From a business and organizational perspective, that’s an observability gap which has profound implications in the ways we spend our time, and effort. 

Improving one metric often degrades another

The second, and perhaps more significant issue with using a single metric to measure speed is that it often results in degraded performance without us realizing it. 

The easiest way to improve performance is to ship fewer bytes, and render less content overall. In reality, that’s not always a decision we can make for the business. So as we begin to try to improve performance, we often end up in situations where we’re able to improve a single metric but it either has no bearing on holistic performance, or it actually hurts it! 

Let’s take a look at a new diagram (depicted below):

Animated timeline showing a page loading four seconds, with the page becoming progressively more useful over the four seconds

Here we see that our page begins loading normally and at the 2 second mark we have our main content, and the page is interactive. At this point our users can perform their primary goal with the page (let’s say apply for a job for example). At the 3 second mark more content pops in, and finally a second later, all content is visible on the page. This is a common loading pattern for async, or client-side rendered applications (e.g., single page apps). 

Ideally, what we’d like to do is shift each of these frames to the left, improving the perceived performance of each step. However, if we were only measuring time to interactive, which occurs in frame 4, we would completely disregard the most important part of the page load which is “how quickly can we make the main content of our page visible and interactive (frame 2). Similarly, if we only measured LCP (which occurs in frame 2), we would be disregarding TTI, which is where all of the content is finally visible. 

In this example, we can see that no single metric captures the true performance of the page, but rather it’s a collection of metrics which help us understand the true perceived performance. 

Perceived performance is very dependent on how quickly the page loads, but perhaps more important, how it loads. 

Using a Composite Metric: LightHouse Explained

Finally, this brings us to the use of a “composite metric” which is a term used in statistics that simply means “a single measurement based on multiple metrics”. With a LightHouse score we’re able to derive a single score based on 5 data points, each which represent a different aspect of a page load. 

These data points are:

A table showing the different metrics in the composite LightHouse score, and how they're weighted

For brevity, we won’t go into detail on each data point you can read more about these page markers here. At a high level, industry experts have agreed upon these 5 markers and weighted them according to how much they contribute to a user perceiving a page as fast and responsive. 

As is hopefully evident based on the explanations above, the purpose of using these 5 data points is to best capture the holistic perceived performance. We weight LCP, total blocking time (TBT), and cumulative layout shift the highest because we believe these are the most important indicators of speed. FCP and speedIndex are contributors but less significant overall. 

During each page load, we’re able to calculate all of these metrics and use an algorithm to determine a single score users who receive a score >= 90 are determined to be “fast and responsive”. Scores below 90 are in need of improvement.

Composite Metrics in Action

If we use the same page load diagram from above, we can imagine how using a composite metric allows us to fully capture performance for our users.

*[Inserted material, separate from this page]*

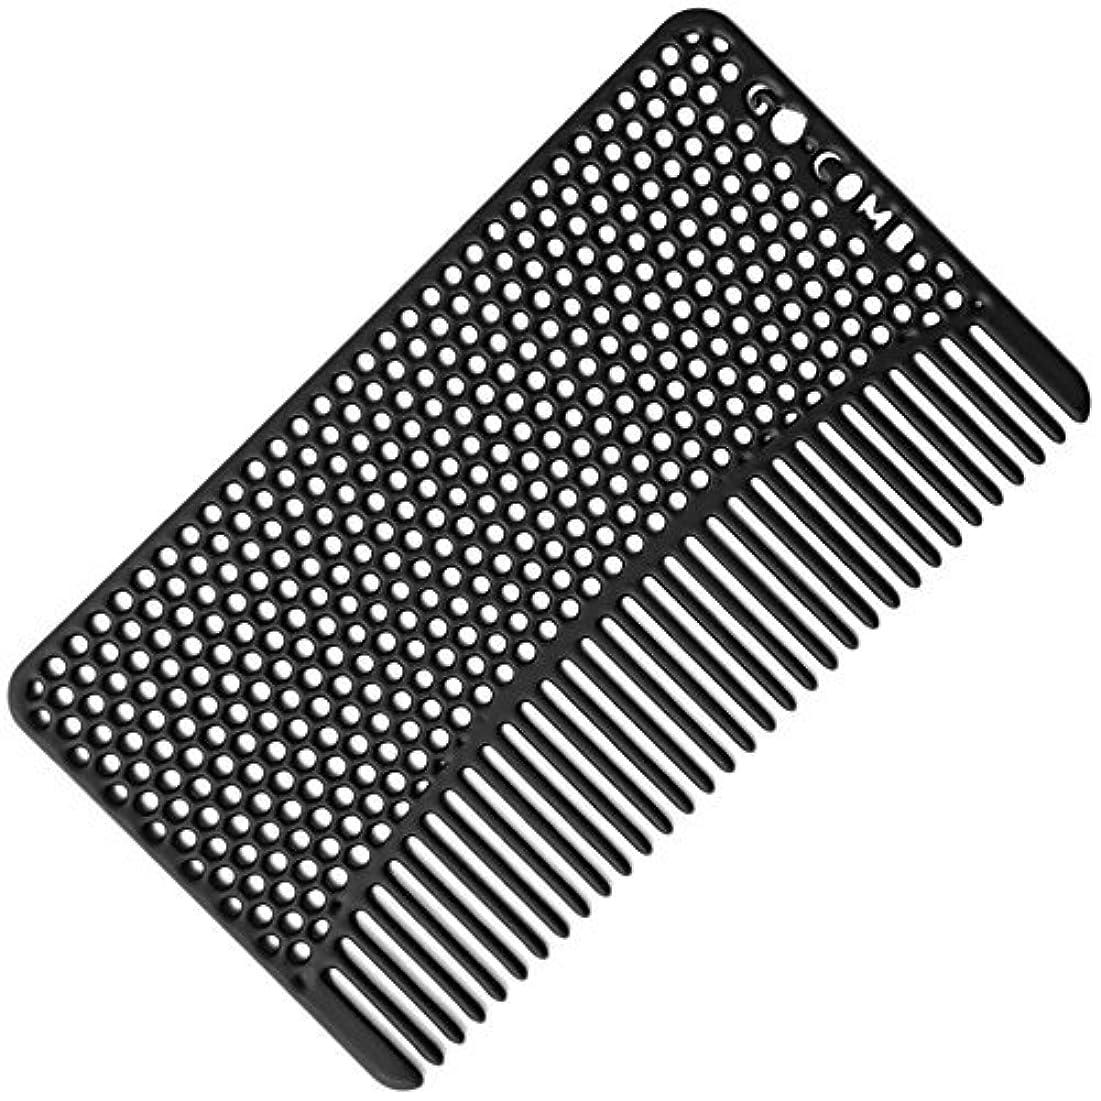 繁栄気を散らす印象派Go-Comb - Wallet Comb - Sleek, Durable Stainless Steel Hair and Beard Comb - Black [並行輸入品]

A still image depicting a page loading evenly over four seconds

Let’s run through a few scenarios: 

If we ended up shipping a change which improved FCP and LCP (frames 1 and 2), and did no harm to frames 3 and 4, we would see an improvement to our overall LightHouse score.

If we ended up shipping a change which improved FCP and LCP (frames 1 and 2), but degraded frames 3 and 4, we would see no improvement to our overall LightHouse score.

If we ended up with an improvement which improved FCP, but degraded frames 2, 3, and 4, we would see an overall degradation that we would have missed if we were monitoring only a single metric. 

Why Can’t We Simply Use “Time to Interactive” (TTI)? 

This is a common question within the performance realm so I wanted to address it here, and how it relates to composite metrics. 

First, what is TTI? The most common definition is as follows: 

TTI is a performance metric that measures a page’s load responsiveness and helps identify situations where a page looks interactive but actually isn’t. TTI measures the earliest time after First Contentful Paint (FCP) when the page is reliably ready for user interactivity.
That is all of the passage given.